Closing a file object#
close()#
It is a file object method with no arguments
Do not forget to close any opened file object!#
file_h = open("your_file.txt", "r") #
...
file_h.close() # the file needs to be closed when you are done with the file object
Try the next little exercise:#
Create a ascii-file (*.txt) in your computer. The extension (.txt) indicates that it is plain-text
Using your favourite plain text editor add some text within the file. Do not forget to save and close
Then, using Python: open, read and display its content
And, of course, close the file object
A bit more on strings (str)#
How to remove whitespaces and/or “\n” at the end of a str?#
For instance:
"dunaliella_salina_kozac_seq__Microalga.txt" # file name, the extension indicates that is plain text
The file “dunaliella_salina_kozac_seq__Microalga.txt” contains a line with a final return “\n”. Then, the sequence: “gccaagATGgcg” has len 12 not 13, but it is counting that return too.
file_obj = open("./files/dunaliella_salina_kozac_seq__Microalga.txt") # file name not stored in a var
file_content = file_obj.read()
print("(" + file_content +")", len(file_content)) # gccaagATGgcg has len 12...but here we see 13 (cause of "\n")
(gccaagATGgcg
) 13
Solution: use specific str methods#
str.rstrip()#
It is an string method and it removes any white spaces at the end of the string, and/or any return of line
As it was explained in the previous chapter, str.rstrip() does not modify the string, it returns a cp of the string without whitespaces. This is because str is an immutable type
message = " ATG "
print("." + message + ".") # the whitespaces are there
print("[" + message.rstrip() + "]") # the right whitespaces are not shown
print("(" + message + ")") # the all whitespaces (left and right) are still there
. ATG .
[ ATG]
( ATG )
help(str.rstrip) # help is a built-in function
Help on method_descriptor:
rstrip(self, chars=None, /)
Return a copy of the string with trailing whitespace removed.

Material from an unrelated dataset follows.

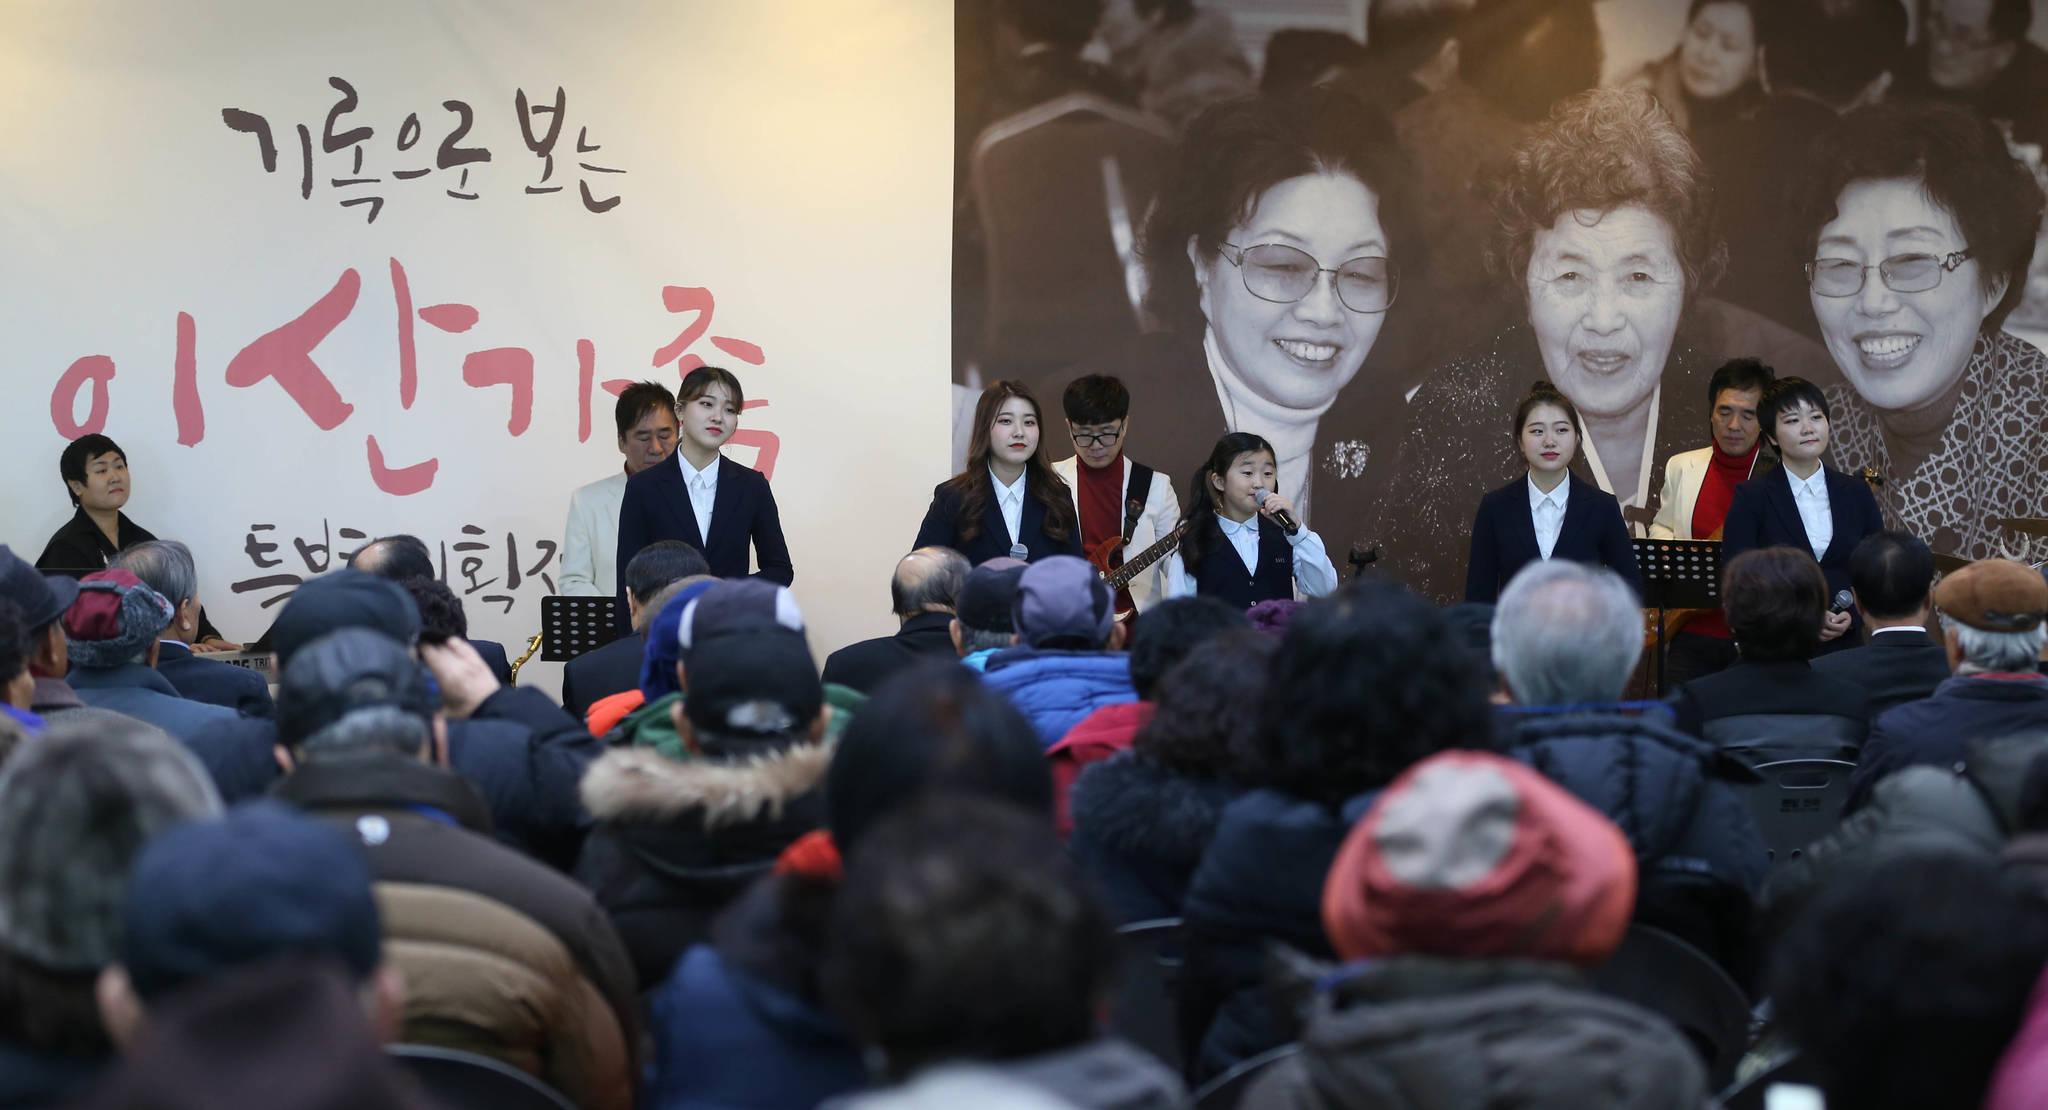 기록으로 보는 이산가족 특별전시회 개막식 식전행사로 노래공연을 하고 있다. 신인섭 기자

If chars is given and not None, remove characters in chars instead.
print("ccgaaaaaaaaaaaaaaaaaa".rstrip("a")) # in ran this will remove the polyA
print("atga.aazt".rstrip("zat."))
ccg
atg
file_obj = open("./files/dunaliella_salina_kozac_seq__Microalga.txt") # file name not stored in a var
file_content = file_obj.read()
file_content.rstrip() # the method does not change the string
print(file_content, len(file_content)) # gccaagATGgcg has len 12, and not 13
# it contains an invisible return of line
file_content = file_content.rstrip() # This is the way to modify file_content
print(file_content, len(file_content)) # Now is right!
gccaagATGgcg
13
gccaagATGgcg 12
# Some examples in books can be confusing
# For instance:
text = "atgatg \n"
print("(" + text.rstrip("\n") + ")") # Seen in text-books
# it does not remove whitespaces
# This is confusing!
(atgatg )
# now it removes ending " " + "\n"
print("("+ text.rstrip() + ")")
(atgatg)
print( "("+ text.rstrip(" \n") + ")") # both, whitespace and "\n"...works but...
print( "("+ text.rstrip() + ")") # better!
print( "("+ text.rstrip("\n") + ")") # dangerous!
(atgatg)
(atgatg)
(atgatg )
str.lstrip()#
This is a str method. It removes any white spaces at the beginning of the string (and/or return of line)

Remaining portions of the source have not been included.